Macht höchstens Sinn wenn dein 4770k ne OC Krücke ist und du stark OCen willst, du kannst auch einfach nen Biosupdate machen und den i7 4790k einbauen bei Bedarf, was für nen Board hast denn?


----------



## MezZo_Mix (30. August 2014)

Lugior schrieb:


> Also die Rapid Storage tech hab ich auch schon bei meinem Z87 Board. Aber vielen Dank für die ganzen Infos, so muss ich mir nur überlegen ob ich den 4770K gegen 4790K austausche.


 
Warum?  Ich hoffe dir ist bewusst das der 4790K ein 4770K ist mit höherem Takt. Wozu willst du da noch mal 300€ raus werfen


----------



## Lugior (30. August 2014)

Der 4790K läuft doch standart schon mit 4,5 GHz im Boost.

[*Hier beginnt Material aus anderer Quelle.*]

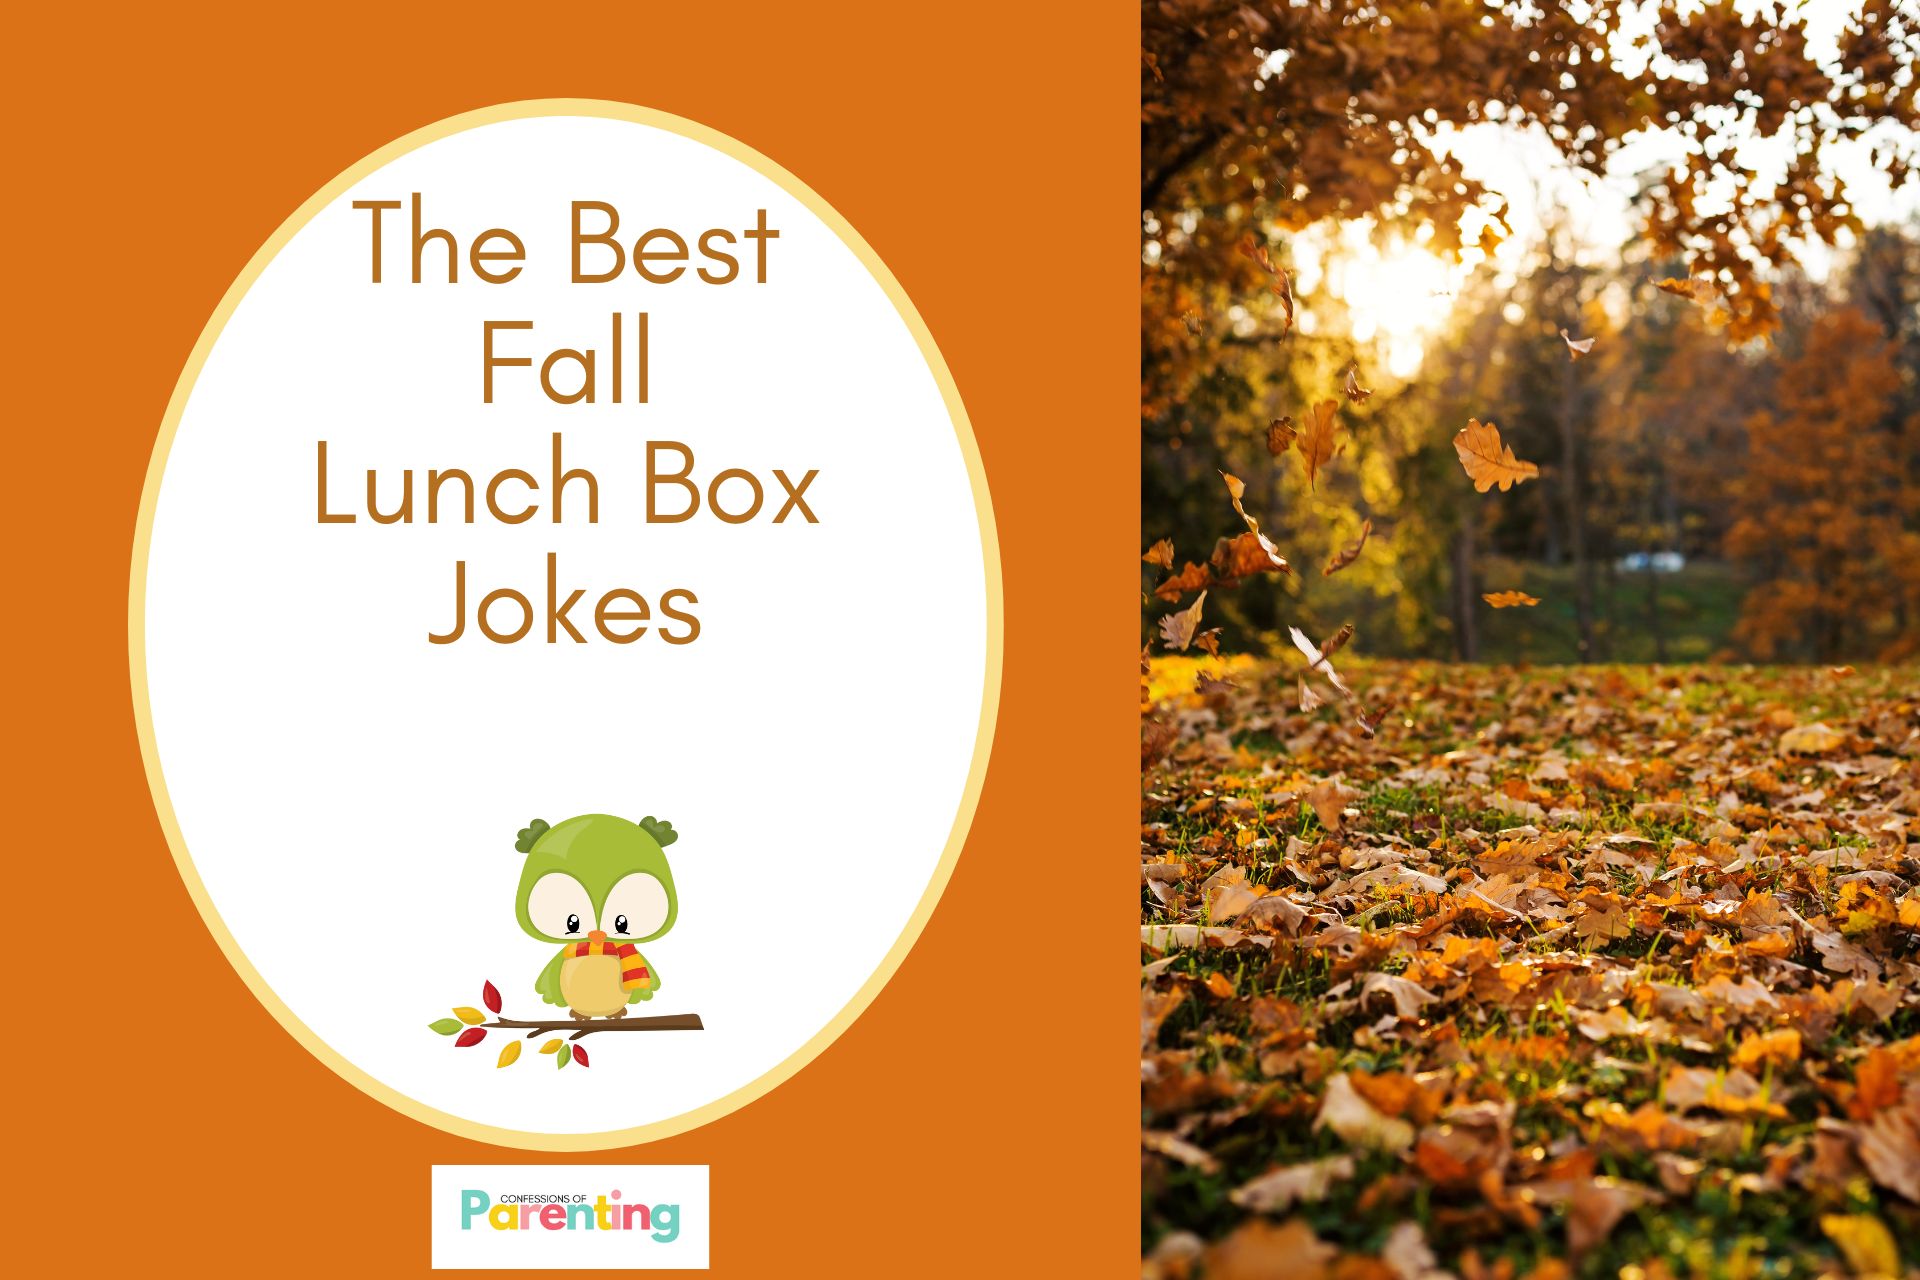 dry leaves on grass on half the image with a orange background on the left with a white oval with yellow border with a image of green owl on a branch and brown writing "the best fall lunch box jokes"
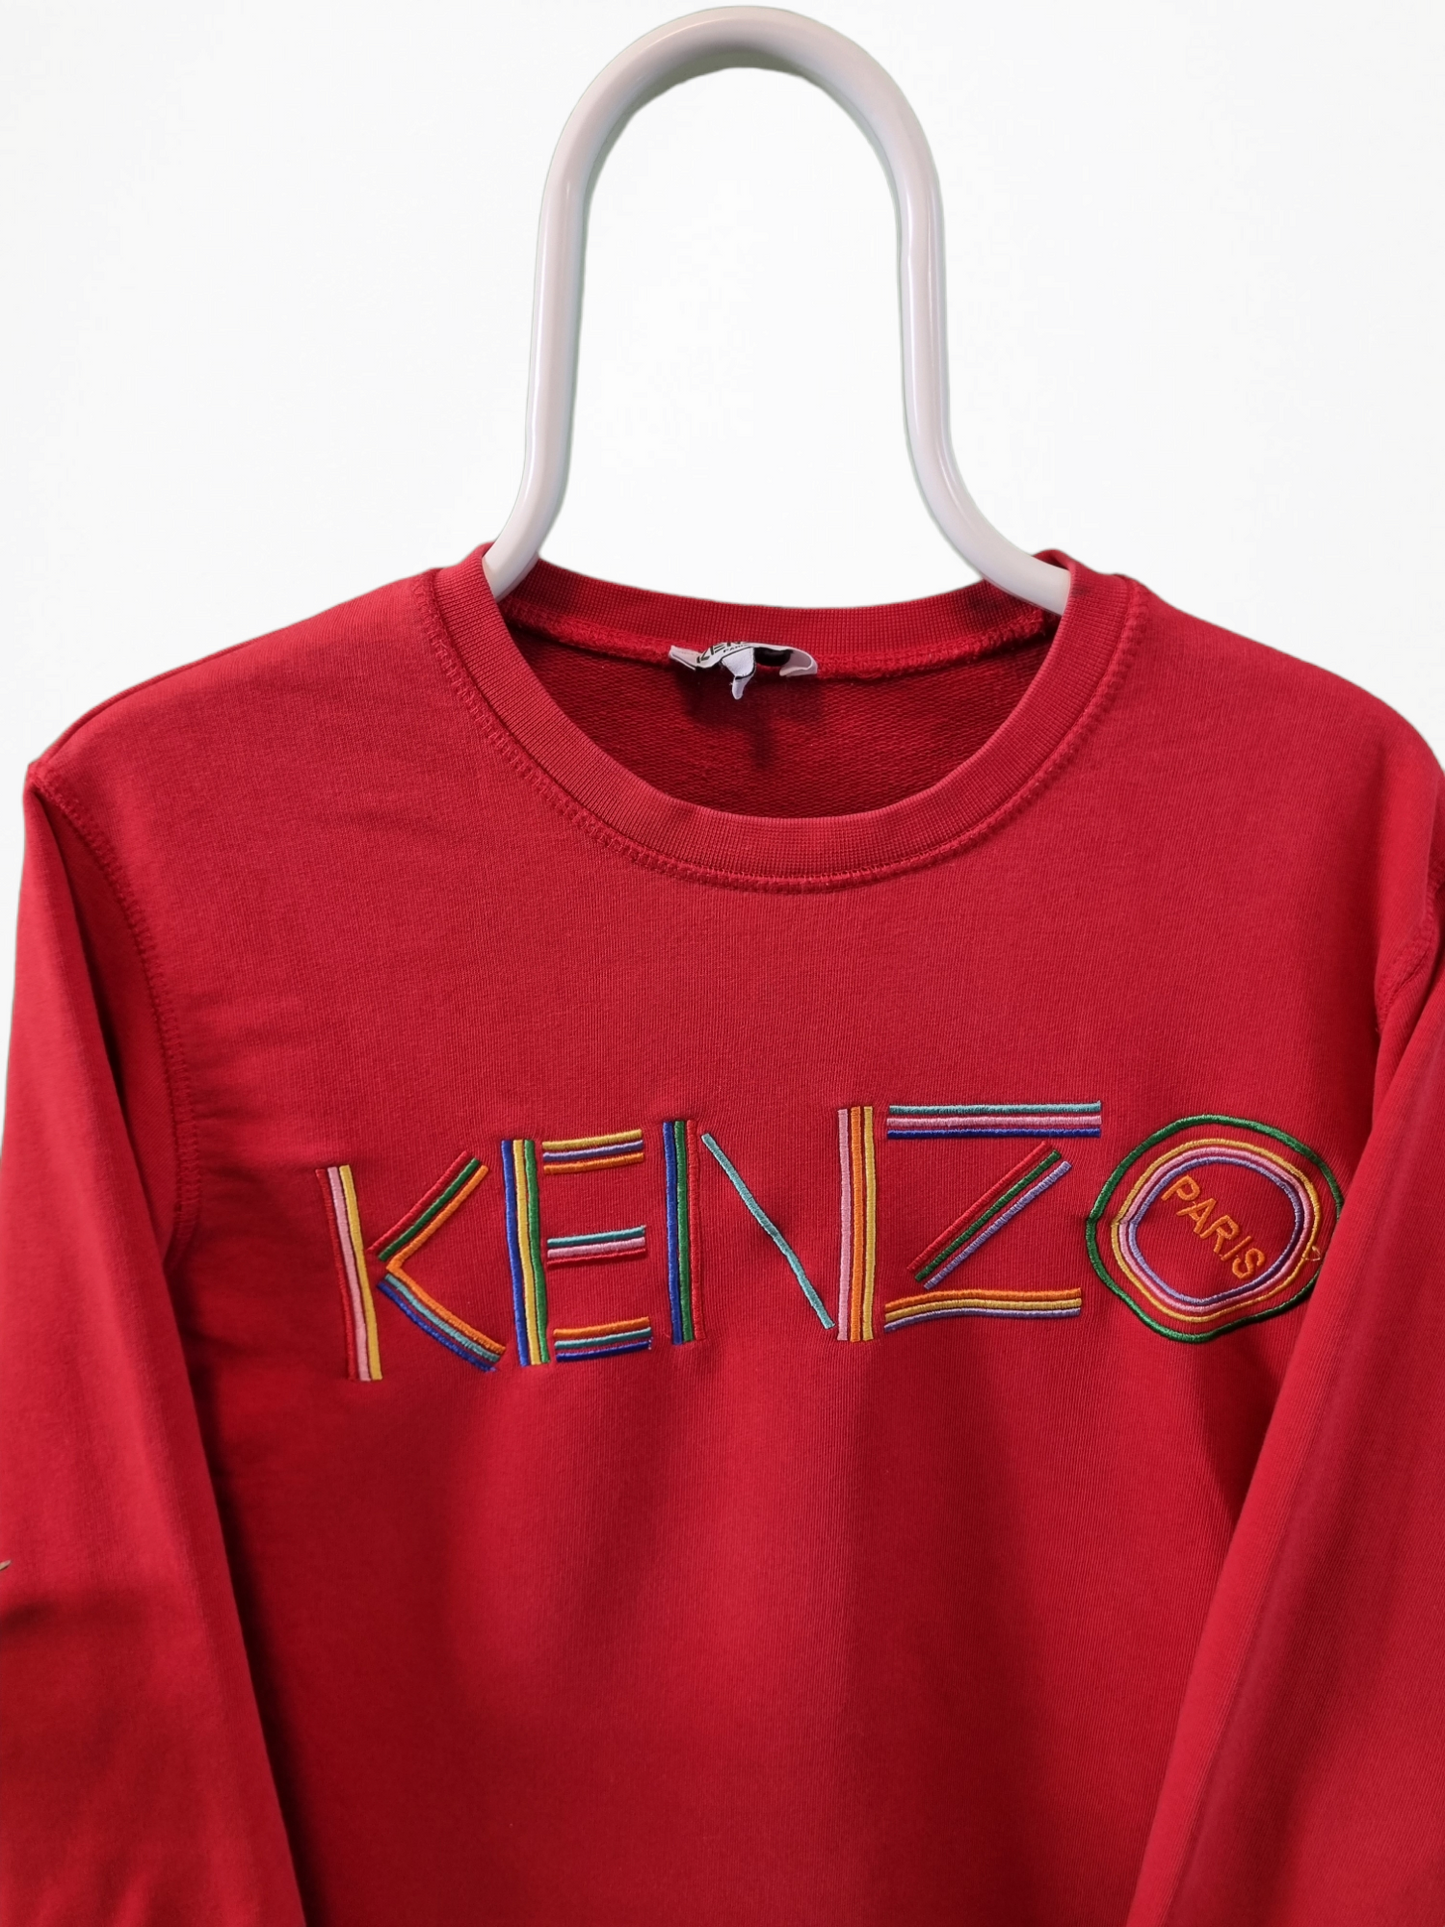 Kenzo embroidered text sweater maat M

Ist da nicht mehr Luft nach Oben für OC? Oder bin ich dann schon fast am Limit wie mit dem 4770K?


----------



## Fox2010 (30. August 2014)

Waren das nicht 4.4GHZ mit Boost? Aber egal ob 4.4 oder 4.5GHz da ist nicht mehr viel luft nach Oben da die temps schnell zu hoch sind.

Der 4770K lässt sich ja nicht bei jedem auf den selben takt bringen die meisten 4770k schaffen ja nichtmal mehr die 4.3GHZ geschweige den darüber, ist wie mit meiner krücke hab einen 4670k der geht nichtmal mit 1.3volt auf 4.2 ab 4GHz macht der zu. Wer nen 4770k auf 4.4 betreibt brauch auf keinen fall einen 4790k da sich dort nicht groß mehr raushollen lässt. Gibt ausnahmen die laufen vielleicht noch bei 4.8GHz aber dann is da auch ende und die kannste schon unter wasser setzen da die sonst auch am Temp limit vorm drosseln laufen.


----------



## xHaru (30. August 2014)

Westcoast schrieb:


> von Z87 auf Z97 umzusteigen ist sinnlos. sogar von Z77 auf Z97 merkt man so gut wie nichts.



Sata3 bei vielen Festplatten!? Was ist damit? Soweit ich weiß unterstützt Z77 nativ nur 2x6Gib. Ab Z87 sinds dann glaube ich 6x6Gib.


----------



## Lugior (31. August 2014)

Also mein 4770k habe ich bis 4,6GHz bekommen, war allerdings nur für ein paar durchläufe in 3DMark Firestrike. Hat aber funktioniert.
Im Moment läuft er auf standart Takt, mangels ordentlicher Kühlung.

Wenn es sich aber eh nicht lohnt den 4790k zu holen steck ich die Kohle lieber in die WaKü.


----------



## IluBabe (31. August 2014)

Außer besserer WLP und ein paar kleinen Adaptionen in der Spannungsaufbereitung ist nix anders beim devils canyon. Wenn du den i7 4770k schon auf 4,6GHz laufen lassen hattest dann sind die paar 100MHz die du potenziell bekommen könntest, wohl gemerkt, sofern der Prozessor keine Krücke ist, was auch vorkommen kann! es nicht wert da Euronen reinzustecken.

Bezogen auf ein Board zwische Z97 und Z97. Kommt drauf an was hast du den für ein Board für den i7 4770k?


----------



## Lugior (31. August 2014)

Gigabyte GA-Z87X-OC


----------



## IluBabe (31. August 2014)

Das ist doch top


----------